→ Exercise goal
For the listing below, give the count of lines containing the string "Torino" and nothing else.

→ Dataset excerpts
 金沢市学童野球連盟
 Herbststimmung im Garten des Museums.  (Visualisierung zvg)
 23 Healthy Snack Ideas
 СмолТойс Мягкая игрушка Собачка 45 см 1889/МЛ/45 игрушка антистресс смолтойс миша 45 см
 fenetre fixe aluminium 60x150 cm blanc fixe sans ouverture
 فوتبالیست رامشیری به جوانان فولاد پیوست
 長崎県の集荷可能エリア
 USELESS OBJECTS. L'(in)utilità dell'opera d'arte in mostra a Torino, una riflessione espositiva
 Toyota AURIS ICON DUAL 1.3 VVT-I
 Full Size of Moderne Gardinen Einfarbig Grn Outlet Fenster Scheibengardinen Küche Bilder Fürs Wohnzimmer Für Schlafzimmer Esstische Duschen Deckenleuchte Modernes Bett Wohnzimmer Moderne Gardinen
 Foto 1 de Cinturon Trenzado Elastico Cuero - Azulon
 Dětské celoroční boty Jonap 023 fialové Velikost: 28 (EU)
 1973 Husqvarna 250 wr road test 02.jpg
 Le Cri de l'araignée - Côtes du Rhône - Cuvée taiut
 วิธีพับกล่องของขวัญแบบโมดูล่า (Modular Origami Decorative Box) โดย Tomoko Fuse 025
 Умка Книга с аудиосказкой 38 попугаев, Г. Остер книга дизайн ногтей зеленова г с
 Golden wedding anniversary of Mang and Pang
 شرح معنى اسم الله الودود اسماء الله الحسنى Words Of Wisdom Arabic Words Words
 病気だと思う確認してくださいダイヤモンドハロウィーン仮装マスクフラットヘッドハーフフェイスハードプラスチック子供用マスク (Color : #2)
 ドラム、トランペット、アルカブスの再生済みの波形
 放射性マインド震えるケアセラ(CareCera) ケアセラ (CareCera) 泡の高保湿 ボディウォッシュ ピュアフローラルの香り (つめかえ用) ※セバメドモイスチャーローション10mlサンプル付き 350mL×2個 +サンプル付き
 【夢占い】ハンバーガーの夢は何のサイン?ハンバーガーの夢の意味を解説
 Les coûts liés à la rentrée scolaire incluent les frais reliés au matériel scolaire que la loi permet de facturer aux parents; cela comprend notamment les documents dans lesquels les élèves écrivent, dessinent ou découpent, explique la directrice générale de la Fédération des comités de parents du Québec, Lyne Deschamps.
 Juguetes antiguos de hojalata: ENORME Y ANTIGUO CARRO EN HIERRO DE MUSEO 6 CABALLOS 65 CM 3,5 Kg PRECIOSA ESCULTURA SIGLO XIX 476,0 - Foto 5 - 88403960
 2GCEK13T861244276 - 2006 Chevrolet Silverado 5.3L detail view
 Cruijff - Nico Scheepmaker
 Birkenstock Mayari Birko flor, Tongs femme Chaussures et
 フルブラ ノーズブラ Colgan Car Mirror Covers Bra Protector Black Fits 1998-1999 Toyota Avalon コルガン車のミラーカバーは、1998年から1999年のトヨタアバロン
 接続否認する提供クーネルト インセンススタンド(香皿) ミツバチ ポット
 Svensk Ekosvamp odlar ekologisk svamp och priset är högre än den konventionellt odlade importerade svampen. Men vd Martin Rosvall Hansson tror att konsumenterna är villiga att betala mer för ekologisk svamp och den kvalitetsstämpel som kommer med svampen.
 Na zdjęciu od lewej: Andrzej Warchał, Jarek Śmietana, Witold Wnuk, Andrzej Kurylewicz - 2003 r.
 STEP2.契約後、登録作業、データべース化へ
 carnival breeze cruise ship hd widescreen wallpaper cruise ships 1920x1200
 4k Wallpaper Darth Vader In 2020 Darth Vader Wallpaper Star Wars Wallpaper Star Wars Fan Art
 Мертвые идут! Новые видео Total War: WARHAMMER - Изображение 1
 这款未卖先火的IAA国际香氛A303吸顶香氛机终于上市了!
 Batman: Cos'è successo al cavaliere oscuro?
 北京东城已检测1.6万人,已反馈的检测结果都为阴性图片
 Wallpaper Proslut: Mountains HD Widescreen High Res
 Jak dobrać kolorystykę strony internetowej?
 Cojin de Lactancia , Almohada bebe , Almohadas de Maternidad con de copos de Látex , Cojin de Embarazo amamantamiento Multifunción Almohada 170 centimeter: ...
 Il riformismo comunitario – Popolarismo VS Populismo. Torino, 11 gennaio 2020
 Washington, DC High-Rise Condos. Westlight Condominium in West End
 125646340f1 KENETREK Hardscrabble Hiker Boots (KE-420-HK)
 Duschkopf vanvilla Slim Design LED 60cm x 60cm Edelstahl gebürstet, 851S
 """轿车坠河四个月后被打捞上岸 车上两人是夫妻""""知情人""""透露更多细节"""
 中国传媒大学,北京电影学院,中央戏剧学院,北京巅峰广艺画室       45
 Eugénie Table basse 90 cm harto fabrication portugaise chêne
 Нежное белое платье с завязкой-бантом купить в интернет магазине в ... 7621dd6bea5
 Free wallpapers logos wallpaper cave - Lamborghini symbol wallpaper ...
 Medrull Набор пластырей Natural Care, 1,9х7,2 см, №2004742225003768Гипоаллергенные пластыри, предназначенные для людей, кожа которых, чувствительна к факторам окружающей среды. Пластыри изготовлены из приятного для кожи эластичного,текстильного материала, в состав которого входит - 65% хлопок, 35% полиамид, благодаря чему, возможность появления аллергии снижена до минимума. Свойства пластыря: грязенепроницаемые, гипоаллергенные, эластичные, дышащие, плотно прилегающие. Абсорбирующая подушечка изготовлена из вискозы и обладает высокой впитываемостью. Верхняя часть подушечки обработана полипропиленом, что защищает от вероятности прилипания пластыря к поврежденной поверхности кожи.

→ Reply
2